MadROM dispatches every player command through the global cmd_table defined in src/interp.c. Each entry uses the struct cmd_type layout declared in src/interp.h so that the interpreter can discover the handler function, the positions and trust levels that may execute it, and whether immortals should see it in command listings.

Entry layout

The fields of struct cmd_type describe both how a command is invoked and how it is presented:

Field Declared in Purpose
name src/interp.h Text players type at the prompt. Abbreviations work so long as they are unique.
do_fun src/interp.h Function pointer to the implementation, usually defined in one of the act_*.c files.
position src/interp.h Minimum character position (for example POS_DEAD, POS_STANDING) required before the interpreter will call the handler.
level src/interp.h Minimum level or trust that may use the command.
wizbit[WIZ_BITS] src/interp.h Optional wizard flag requirements. The stock table leaves these as zero but they can gate commands behind custom wiznet-style permissions.
log src/interp.c Controls logging with the LOG_NORMAL, LOG_ALWAYS, and LOG_NEVER constants.
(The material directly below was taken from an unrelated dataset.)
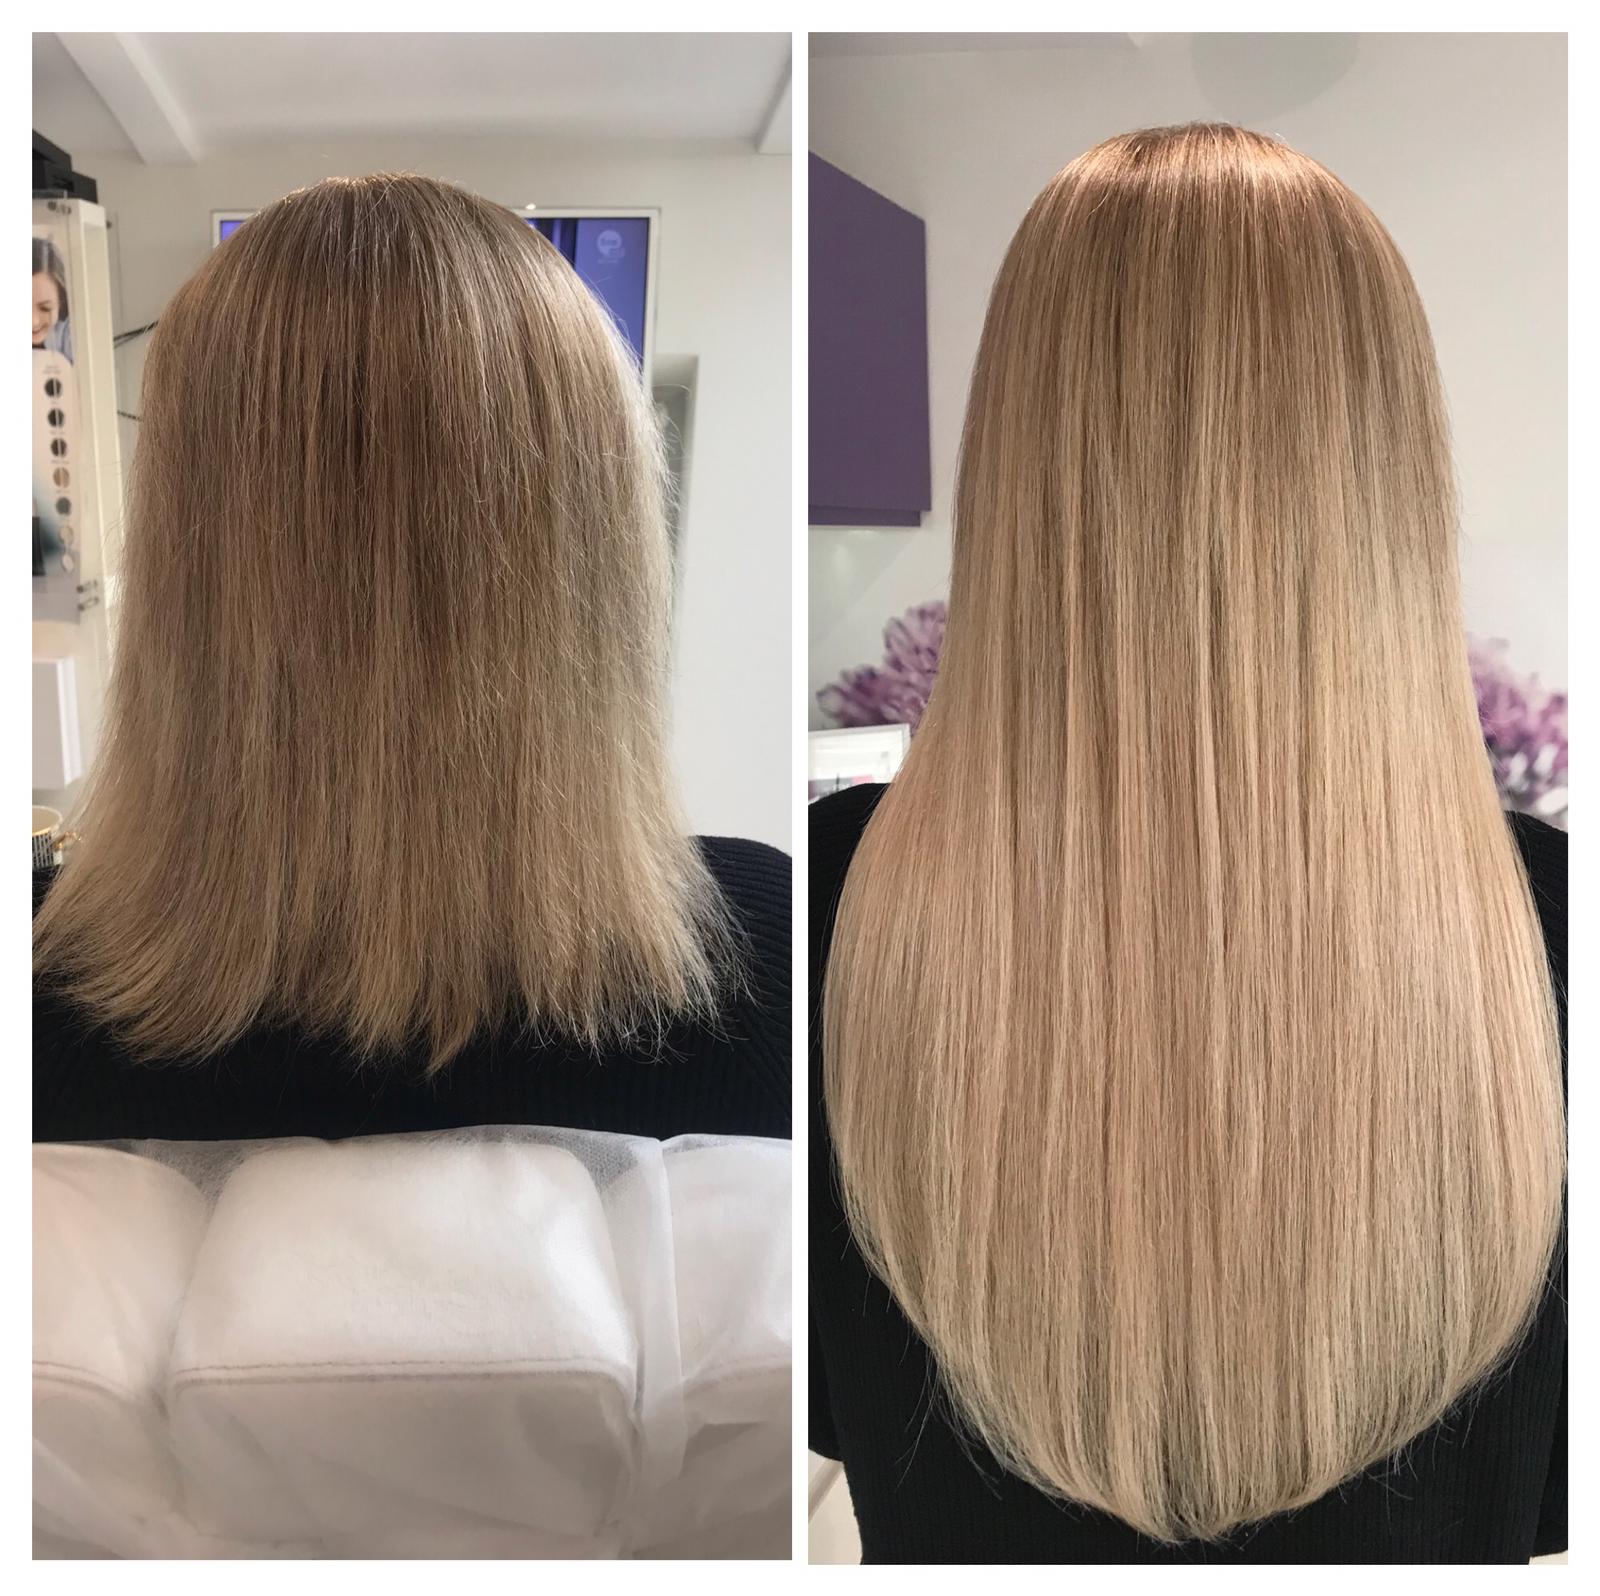 Włosy klientki przed i po zabiegu przedłużania włosami słowiańskimi na mikroringach

Entries flagged LOG_ALWAYS are written to the immortal log even without fLogAll.
show src/interp.c When set to FALSE the command is hidden from the commands listing, though it still works when typed directly.

Because the interpreter checks commands in the order they appear in cmd_table, related entries are commonly grouped together in the source file.

Adding a command

To wire a new command into the game:

  1. Declare the handler – Add a DECLARE_DO_FUN(do_yourcommand); prototype to src/interp.h so the table can reference it.
  2. Register the entry – Insert a row into cmd_table in src/interp.c with the command name, handler, required position, level, wizard bits, logging mode, and visibility flag.
  3. Implement the behavior – Provide the do_yourcommand function in an appropriate source file (often one of the act_*.c modules). Make sure it follows the standard signature so the interpreter can invoke it.
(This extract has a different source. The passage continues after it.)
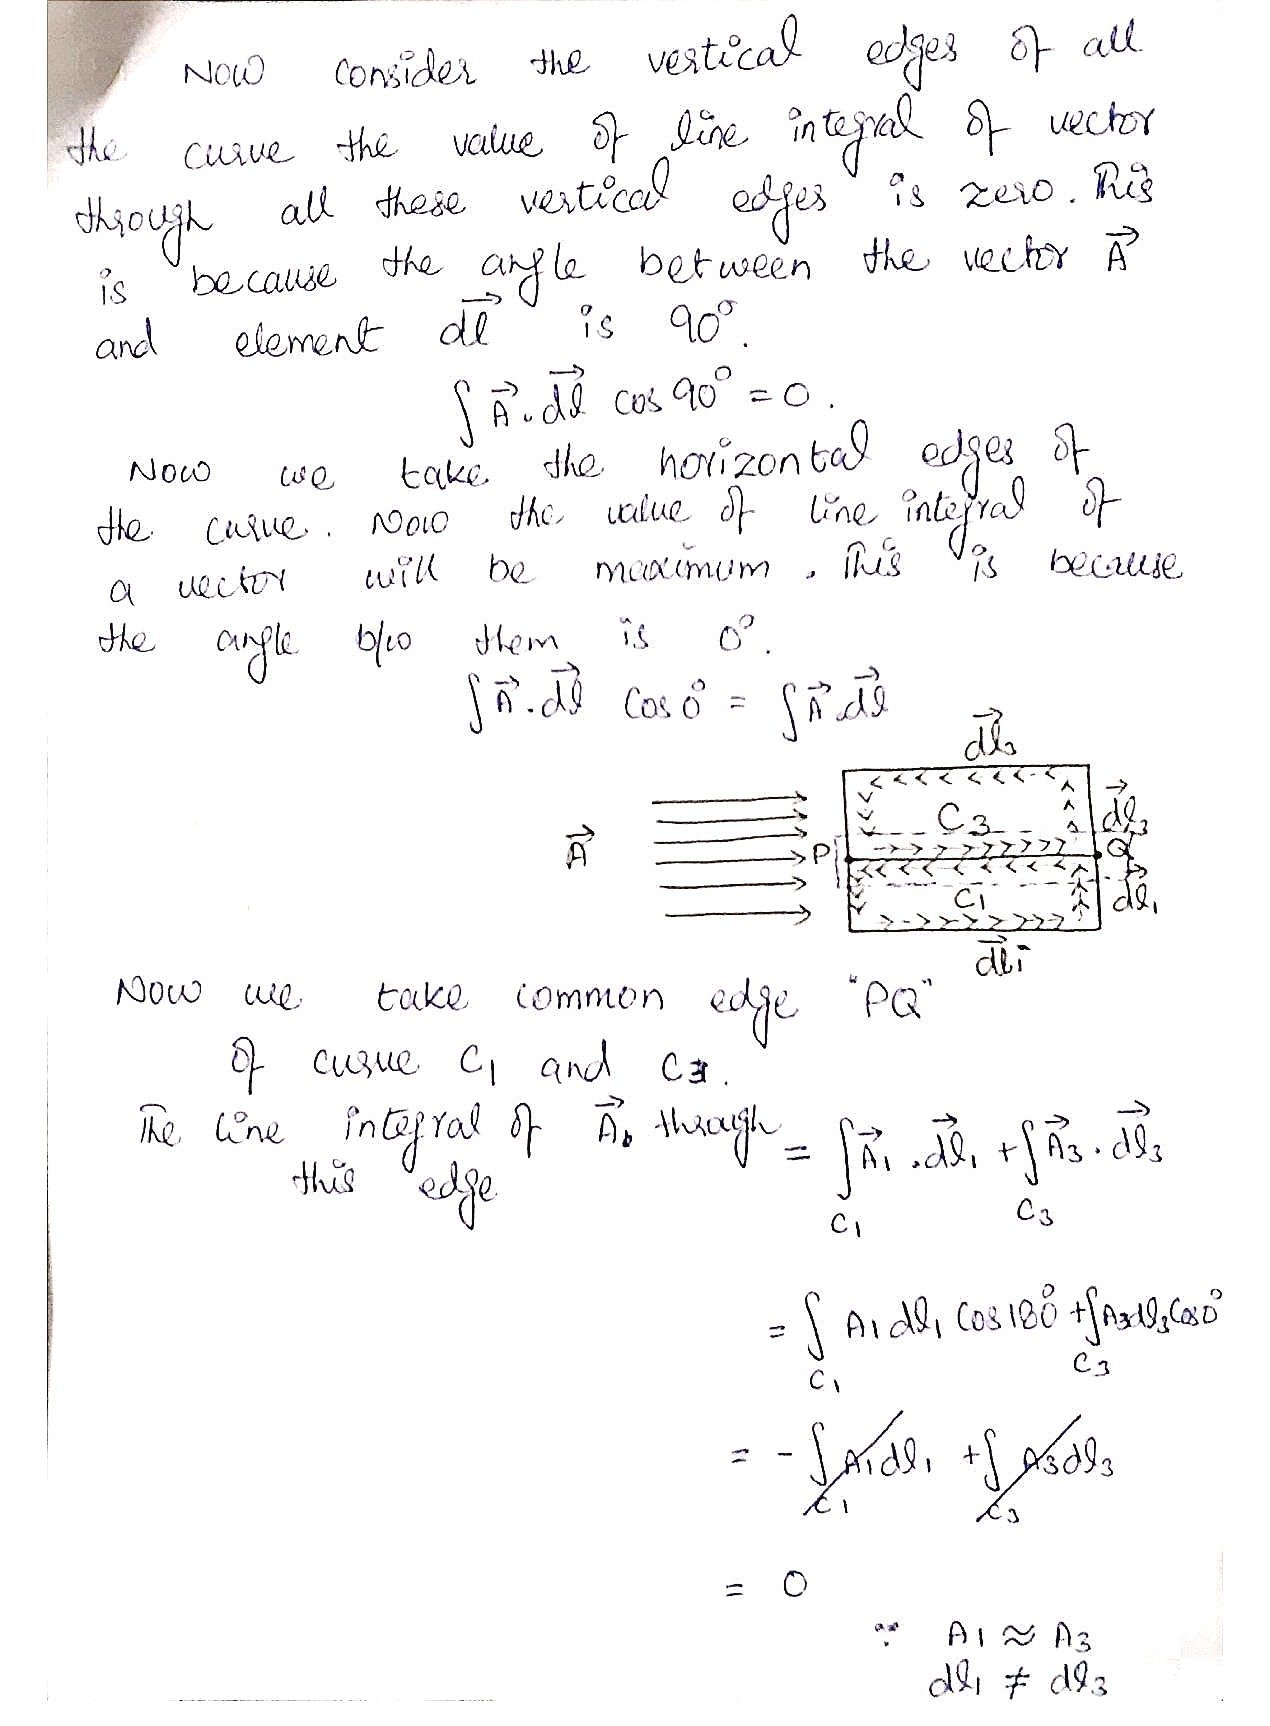 css pms notes, css notes, pms notes, css physics notes, pms physics notes, all about css pms notes, bsc physics notes, physics notes, theorem,

Immortal commands should set the level field to the appropriate trust threshold and toggle log or show to control auditing and visibility. Mortals-only commands typically leave wizbit at zero.

Social commands

Emotes and socials bypass the command table and instead use the social_table array that load_socials populates in src/db2.c. Each entry is a struct social_type with fields such as name, char_no_arg, others_no_arg, char_found, others_found, vict_found, and optional self-targeted strings. To add a social, append the new definition to the socials data file read by load_socials; the loader handles $ sentinels for empty strings and # markers that terminate each definition.

Logging and snooping

When the interpreter dispatches a command it calls the handler after running the logging and snoop hooks in src/interp.c. Commands that set log to LOG_ALWAYS, characters flagged with PLR_LOG, or a server with fLogAll enabled generate entries in the immortal log and on the secure wiznet channel. The snoop system also echoes the final command line to any administrators snooping the player before the handler executes.